Implementation:Online ml River Linear Model BayesianLinearRegression
| Knowledge Sources | |
|---|---|
| Domains | Online_Learning, Regression, Bayesian_Methods |
| Last Updated | 2026-02-08 16:00 GMT |
Overview
Bayesian linear regression provides probabilistic predictions with automatic feature scaling and uncertainty quantification in O(n²) time complexity.
Description
This implementation uses a Bayesian approach to linear regression, maintaining a posterior distribution over model parameters. It computes predictions by updating mean and covariance matrices using Sherman-Morrison formulas for efficiency. The model can output either point estimates or full predictive distributions (Gaussian). Unlike standard linear regression, features don't require preprocessing as the Bayesian framework handles scaling naturally. An optional smoothing parameter enables concept drift adaptation by gradually forgetting past data.
Usage
Use Bayesian linear regression when you need uncertainty estimates with predictions, want to avoid manual feature scaling, or require robustness to hyperparameter choices. The smoothing parameter is particularly useful for non-stationary environments with concept drift.
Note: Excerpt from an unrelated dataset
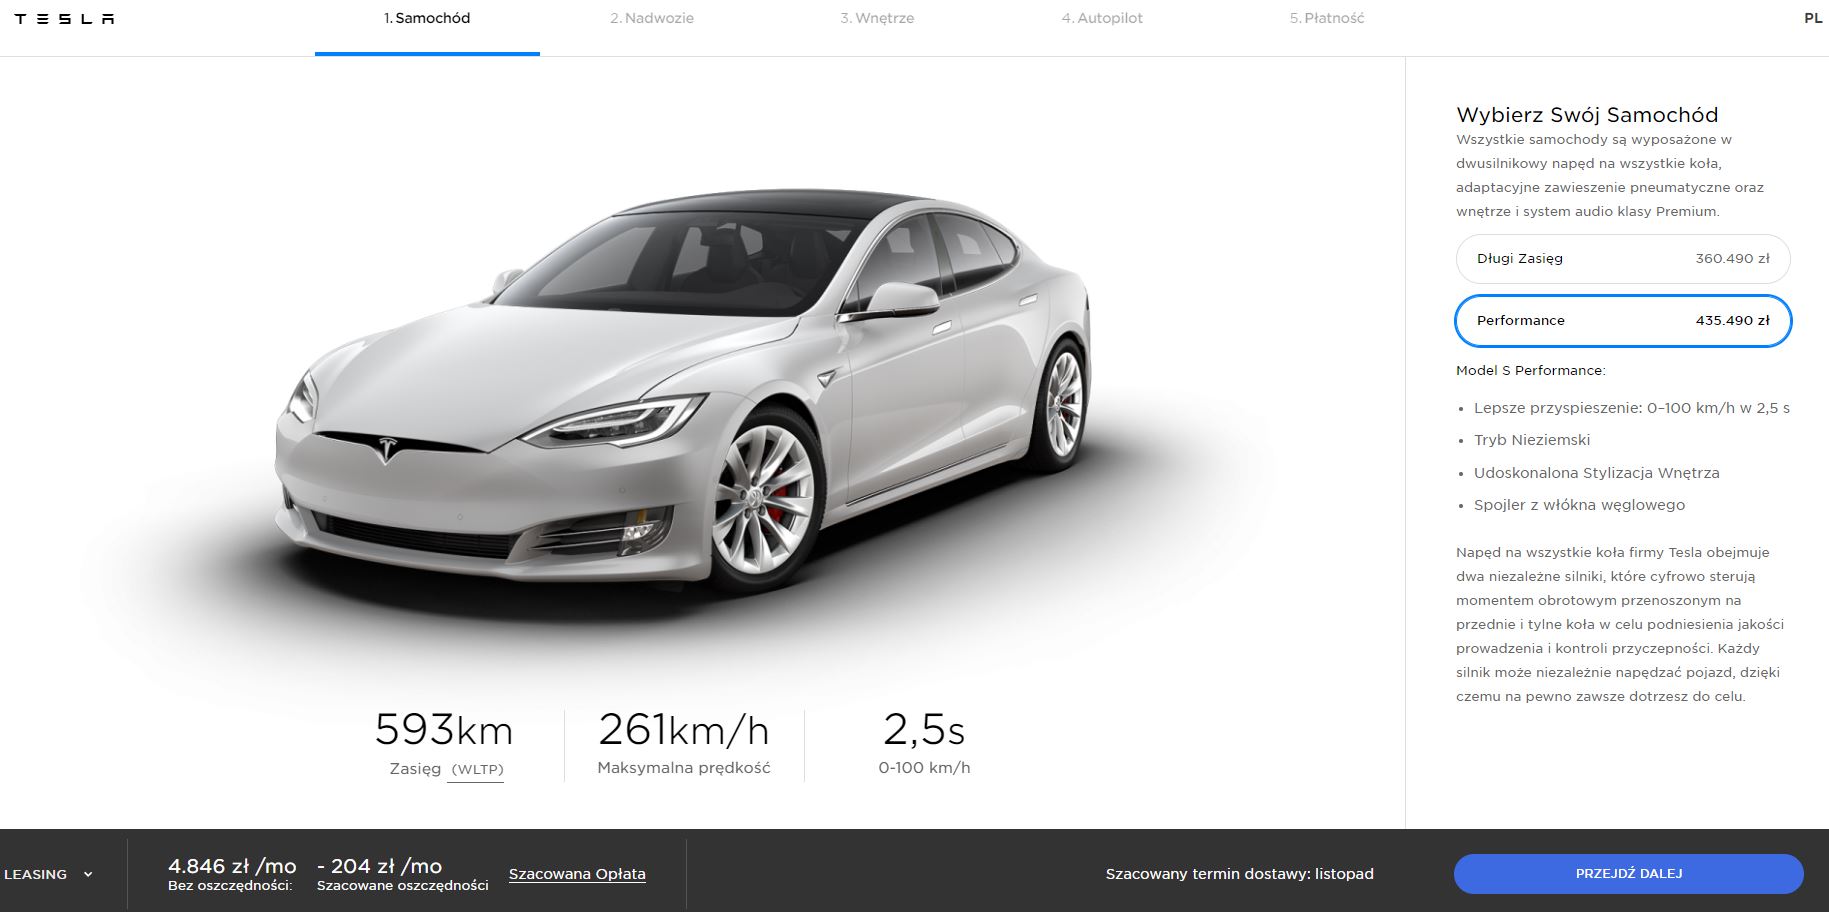 Tesla Model S polska cena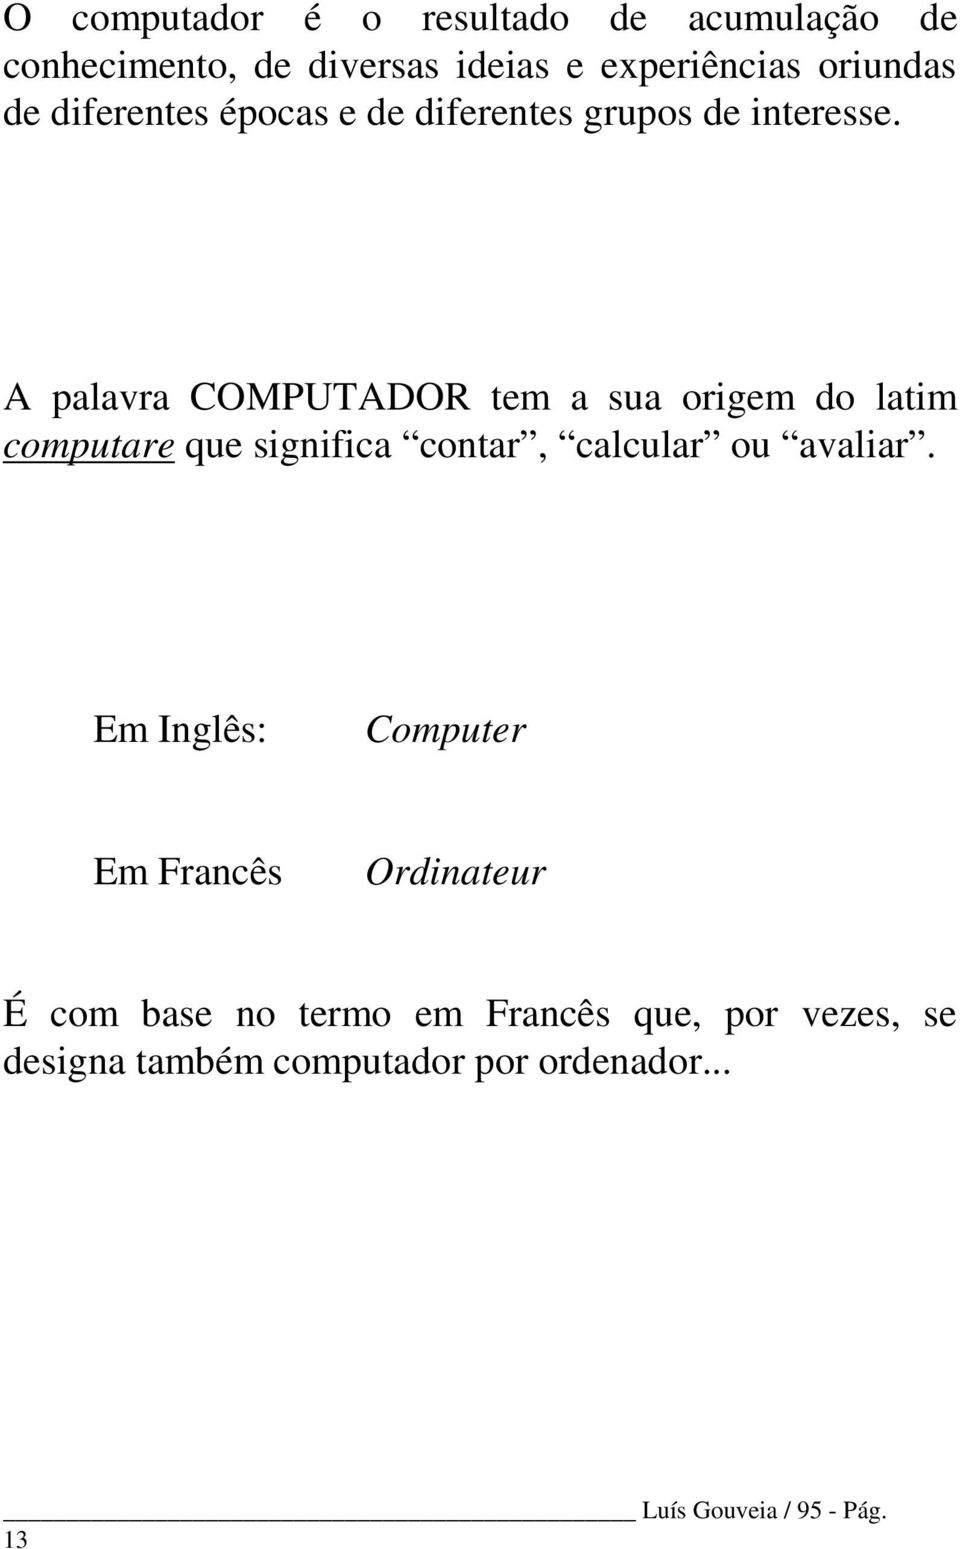 A palavra COMPUTADOR tem a sua origem do latim computare que significa contar, calcular ou avaliar.

Note that O(n²) complexity makes it slower than standard linear regression for high-dimensional problems.
Code Reference
Source Location
- Repository: Online_ml_River
- File: river/linear_model/bayesian_lin_reg.py
Signature
class BayesianLinearRegression(base.Regressor):
def __init__(self, alpha=1, beta=1, smoothing: float | None = None):
self.alpha = alpha
self.beta = beta
self.smoothing = smoothing
Import
from river import linear_model
I/O Contract
Parameters
| Parameter | Type | Default | Description |
|---|---|---|---|
| alpha | float | 1 | Prior precision parameter |
| beta | float | 1 | Noise precision parameter |
| smoothing | float or None | None | Forgetting factor for concept drift (0-1) |
Input
| Method | Input Type | Description |
|---|---|---|
| learn_one | x: dict, y: float | Features and target value |
| predict_one | x: dict, with_dist: bool | Features and optional distribution flag |
Output
| Method | Output Type | Description |
|---|---|---|
| predict_one | float or Gaussian | Point estimate or full distribution |
| predict_many | pd.Series | Batch predictions |
Usage Examples
from river import datasets
from river import evaluate
from river import linear_model
from river import metrics
dataset = datasets.TrumpApproval()
model = linear_model.BayesianLinearRegression()
metric = metrics.MAE()
evaluate.progressive_val_score(dataset, model, metric)
# MAE: 0.586...
# Get point prediction
x, _ = next(iter(dataset))
model.predict_one(x)
# 43.852...
# Get full predictive distribution
model.predict_one(x, with_dist=True)
# 𝒩(μ=43.85..., σ=1.00...)
# Example with smoothing for concept drift
import itertools
import random
def random_data(coefs, n, seed=42):
rng = random.Random(seed)
for _ in range(n):
x = {i: rng.random() for i, c in enumerate(coefs)}
y = sum(c * xi for c, xi in zip(coefs, x.values()))
yield x, y
model = linear_model.BayesianLinearRegression(smoothing=0.8)
dataset = itertools.chain(
random_data([0.1, 3], 100),
random_data([10, -2], 100)
)
metric = metrics.MAE()
evaluate.progressive_val_score(dataset, model, metric)
# MAE: 0.159...